On the evening of 7 July 1987, the attackers drove a jeep hired from Hanumangarh in the neighbouring state of Rajasthan. They were seen trailing the Firozpur-Delhi bus sometime before 7:10 pm, when it resumed its journey after boarding passengers at Sirsa. Two of the attackers boarded the bus as passengers. Around 12 km before Fatehabad, the jeep overtook the bus and blocked its way. Three men from the jeep, armed with guns, entered the bus, and their two accomplices also pulled out their weapons. The five men hijacked the bus, and killed the driver Jagdish. Ram Phal, the bus conductor, escaped through the window.

The hijackers started driving the bus slowly towards Fatehabad, and told the passengers to hand over their cash and valuables. Around 2 km later, they stopped the bus near Dariyapur (or Daryapur) village, where they opened fire at the passengers, and left the scene. 30 people were killed in the attack. Some of the passengers survived by hiding under the dead and the dying. 19-year old Jale Singh, one of the passengers, drove the bus to Fatehabad based on his tractor-driving experience.

== The second bus ==

After leaving the first bus, the attackers stopped an Ambassador car, shot the driver dead, and drove the car towards Fatehabad. Around 1 km later, they stopped another Haryana Roadways bus going to Sirsa. This time, they did not board the overcrowded bus, and fired at the passengers from outside, possibly because they were in a hurry to leave. The shooting left 34 people dead. Apart from the 34 dead, 18 people from the two buses were injured in the attack.

The attackers then hijacked a truck, and drove to the Punjab border via Fatehabad and Ratia. The truck was found at the Marianwala village near Batala; its various parts including the engine and the tires, were missing.

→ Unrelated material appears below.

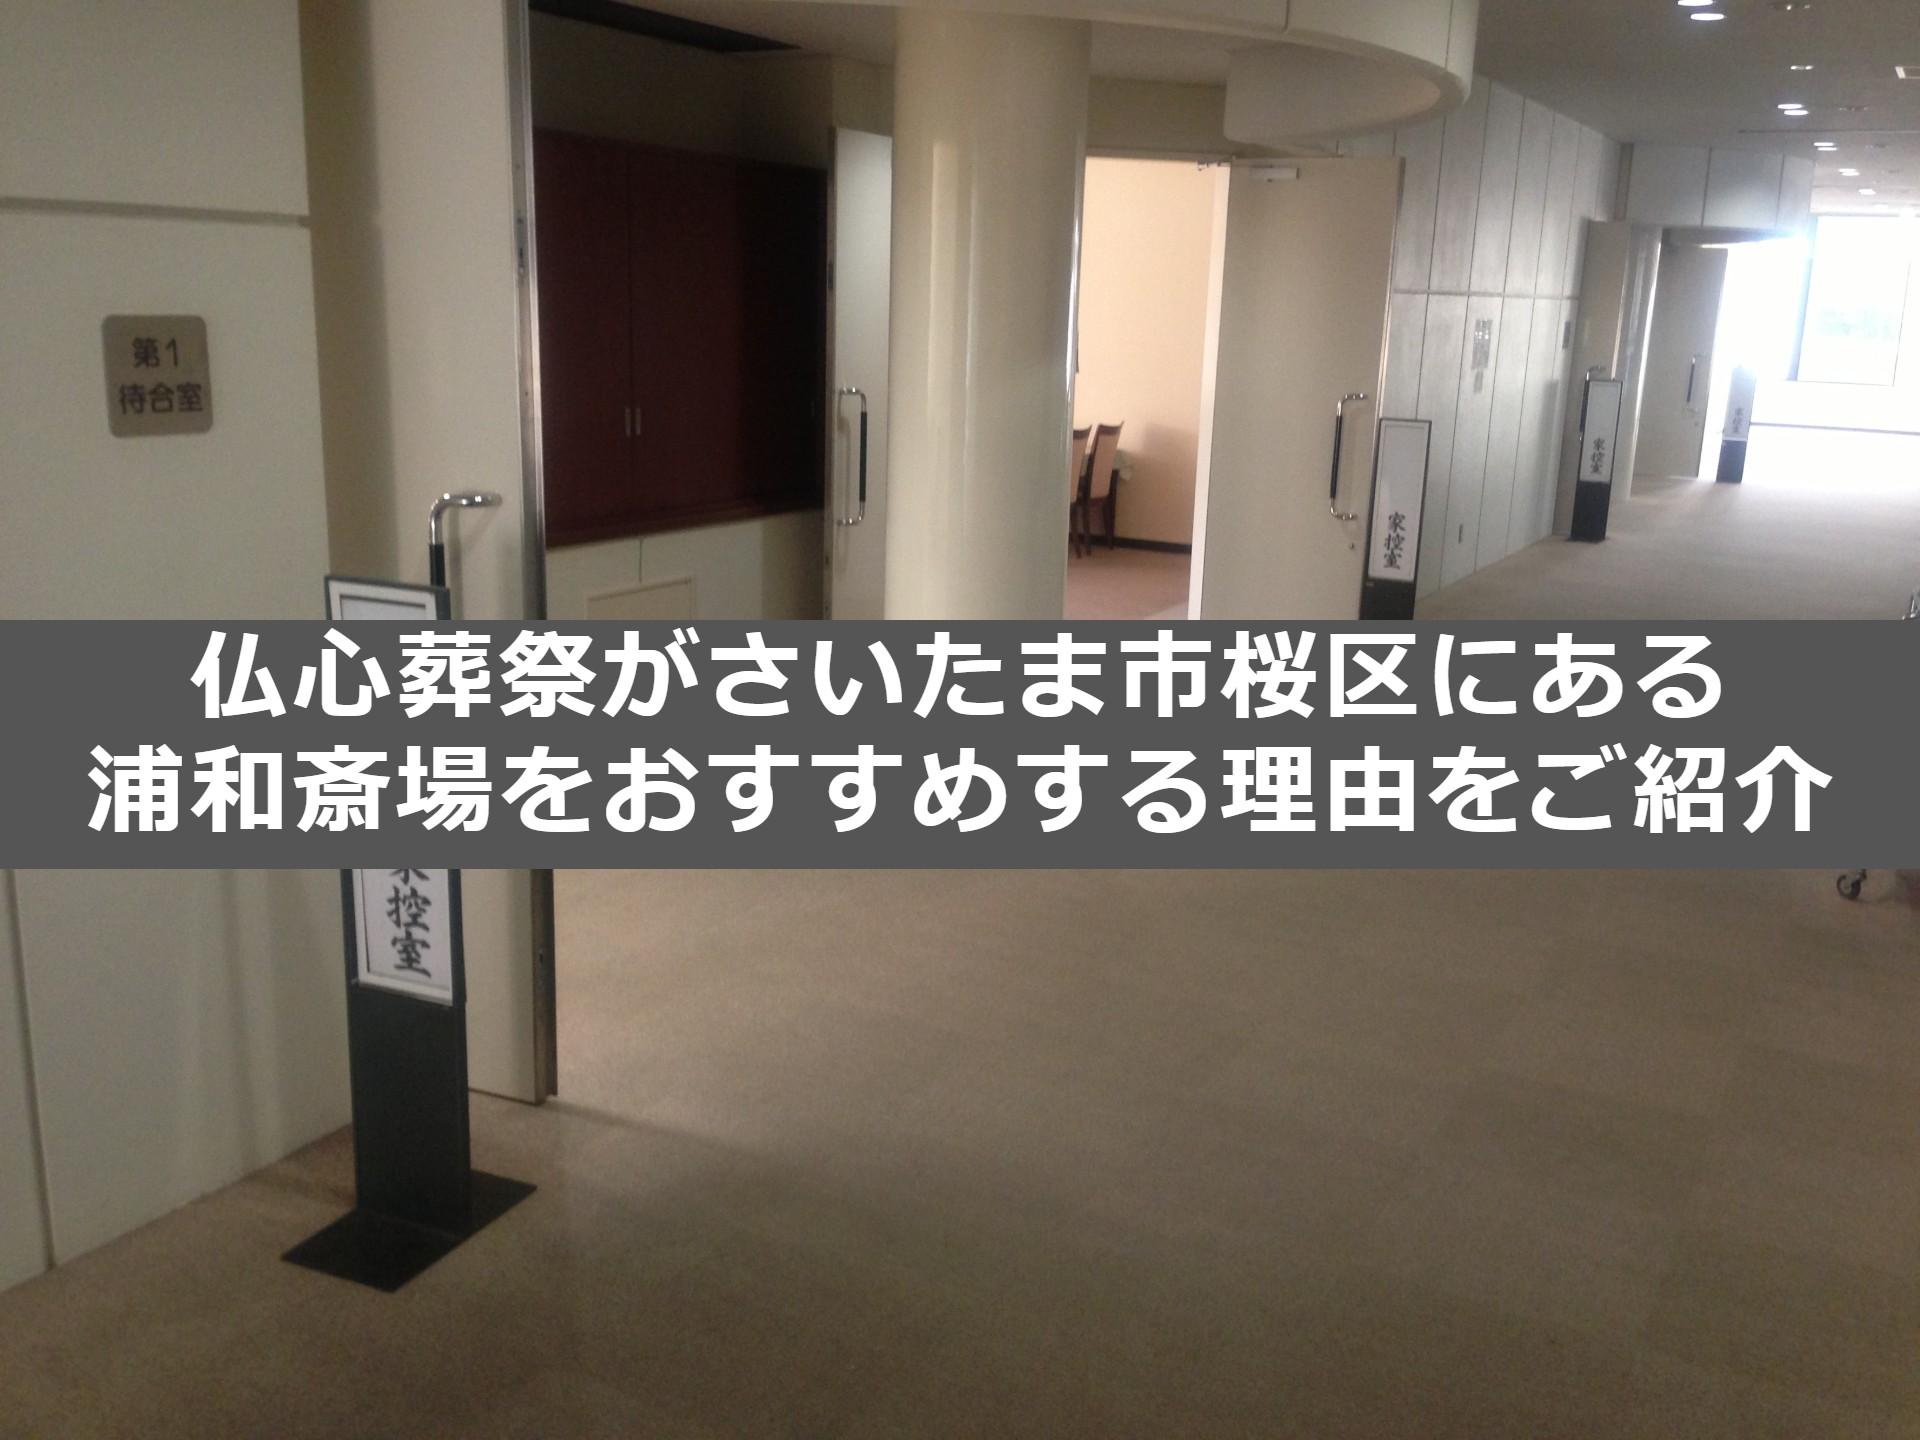 さいたま市桜区にある浦和斎場のご紹介

== Possible connection to the Lalru killings ==

The Fatehabad killings took place a day after the 1987 Lalru bus massacre in the neighbouring Punjab. Like in the Lalru killings, the attackers were five men in their early-to-mid 20s, and most of them were clean-shaven. In both incidents, the attackers used another vehicle to block and stop the bus: this tactic had not been used in the earlier similar killings in the Punjab-Haryana area. In both cases, the killers looted the passengers, and escaped in a truck. According to the police, in both the incidents, the attackers used Chinese automatic rifles. Despite these similarities, both Haryana and Punjab Police played down the possibility of the same gang being behind both the attacks. According to journalists Tavleen Singh and Sreekant Khandekar, the police did this because they did not want to admit their incompetence.

== Reactions ==

Subsequently, there were reports of attacks on Sikh-owned shops in Haryana, and of 12 buses being vandalized. Protest strikes affected Chandigarh, Shimla, Hisar, and many other towns in Punjab, Haryana, and the neighbouring Himachal Pradesh.

President of India Zail Singh, a Sikh, condemened the killings as "inhuman and ghastly". Prime Minister Rajiv Gandhi described the incident as "inhuman butchery" and declared that it would strengthen the government's resolve to fight the extremists.